A
primeira razão é que o medo é inevitável. É possível que alguém passe a vida
inteira sem experimentar o amor, a saudade, o ódio. Mas – o medo? Duvido. Pense
num bebê de um ou dois anos, no rosto assustado com que ele encara um desenho,
uma imagem na TV. Amor e ódio precisam de um mínimo de justificativa; o medo
não. É um sistema-de-alarma embutido em nossos neurônios há milhões de anos.

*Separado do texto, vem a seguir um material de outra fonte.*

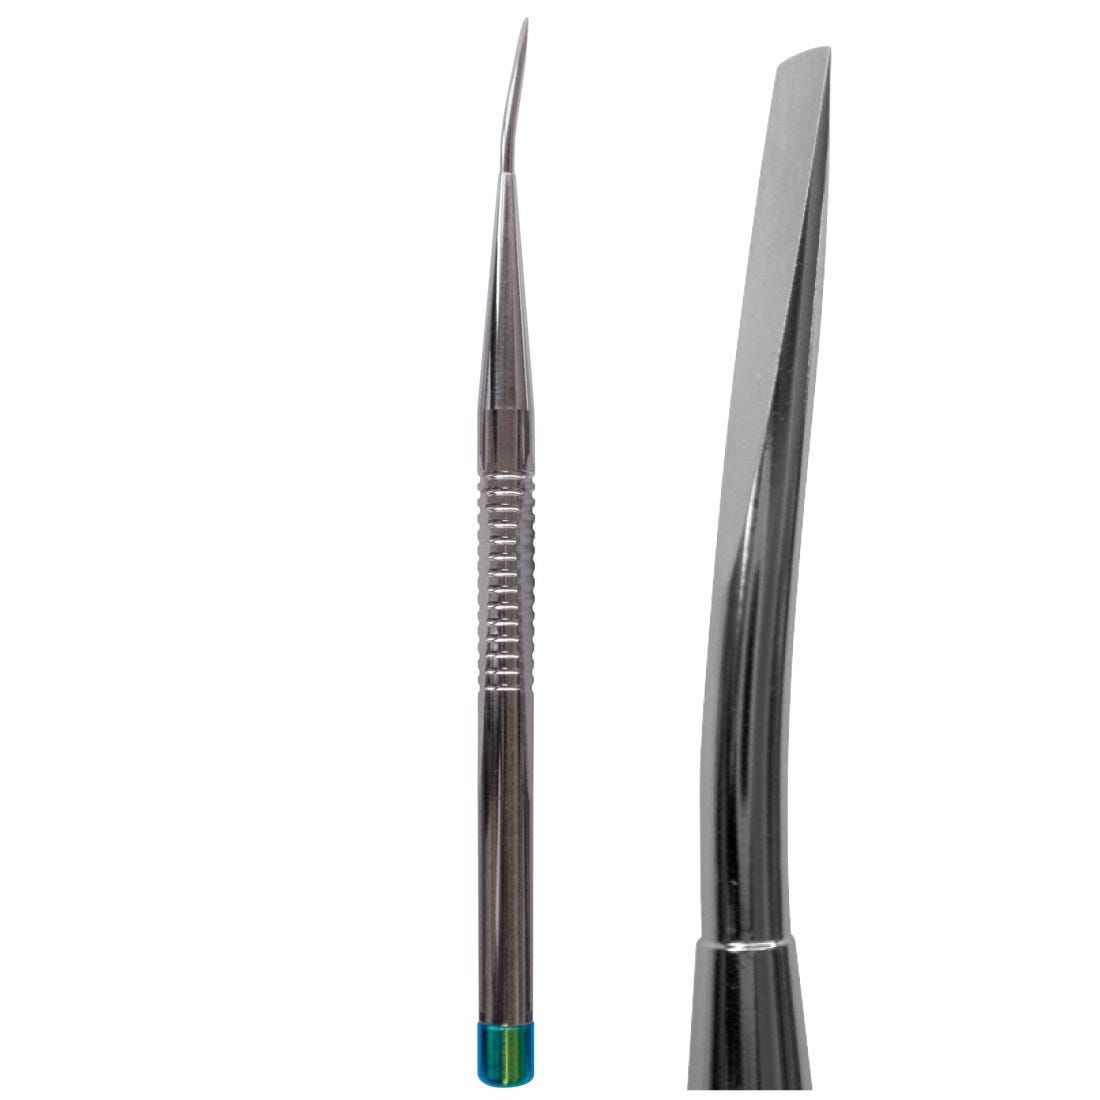 ACE Periodontal Ligament/Luxator Elevator Curved "Out" Green Ss 17-4 (H900) Ti 6Al-4V Eli

Devemos em grande parte a esse sistema a nossa sobrevivência como espécie. Se
não há como fugir dele, temos que experimentá-lo, saboreá-lo, medi-lo,
conhecê-lo a fundo.
Em segundo lugar: o medo é uma revelação. Ele vem de um lugar oculto, e só vem
quando quer, não quando nós queremos. Não sei de que modo alguém possa sentir
medo voluntariamente. Isso não existe. O medo é algo que nos sobrevém, que nos
envolve, queiramos ou não. Podemos gerá-lo artificialmente (e aqui entram os
livros e filmes de terror, etc.), mas será sempre isto: um medo artificial, um
medo de mentirinha. Não é o terror pânico, aquele que nos amolece as pernas e
nos esvazia os intestinos. Quando experimentar este, caro leitor, agradeça, por
mais que a experiência tenha sido humilhante ou constrangedora. Agora você está
mais perto de saber quem realmente é.
Terceiro: o medo nos faz manter os pés no chão. E neste caso em particular
estou me referindo não ao medroso contumaz, mas ao sujeito metido a valente, ao
ousado, ao aventureiro, ao que gosta de enfrentar desafios. Se ele tem a cabeça
no lugar, ele sabe que o medo é um bom conselheiro. O conselho que o medo nos
dá não é “Bora correr!” Quando sentimos medo, algo está nos dizendo que
finalmente estamos diante de uma coisa que pode nos servir de peso e de medida.
Já disse algum filósofo que sujeito corajoso não é o que não sente o Medo, mas
o que sabe mantê-lo sob controle e continuar fazendo o que tem pra fazer.
O quarto motivo é que o medo é um ativador aleatório de sistemas. Não sabemos
quais são os sistemas de reflexos físicos e mentais que ele vai ativar em nós,
mas só saberemos se o experimentarmos. O campo de batalha já mostrou valentões
que se encolhem apavorados e sujeitos lesos que se transformam em heróis. A
experiência-limite que desencadeia o medo desencadeia também outras reações
correlatas que variam de caso para caso.
Em quinto lugar (e esta é uma razão para convencer os mais cínicos) o medo dá
dinheiro. Vejam a imensa indústria atual do filme de terror, do romance de
terror. (Curiosamente, não se cultiva mais hoje em dia um teatro de terror, a
não ser como sátira ou paródia; foram-se os dias do Grand Guignol francês) É um
medo de mentirinha, como afirmei acima, mas pessoas sensatas argumentarão que
se é pra sentir medo é melhor divertir-se sentindo um medo inofensivo e sob
controle (aí estão os parques de diversão com suas montanhas-russas e o
escambau) do que o medo de alguma coisa hostil que nos ameaça pra valer.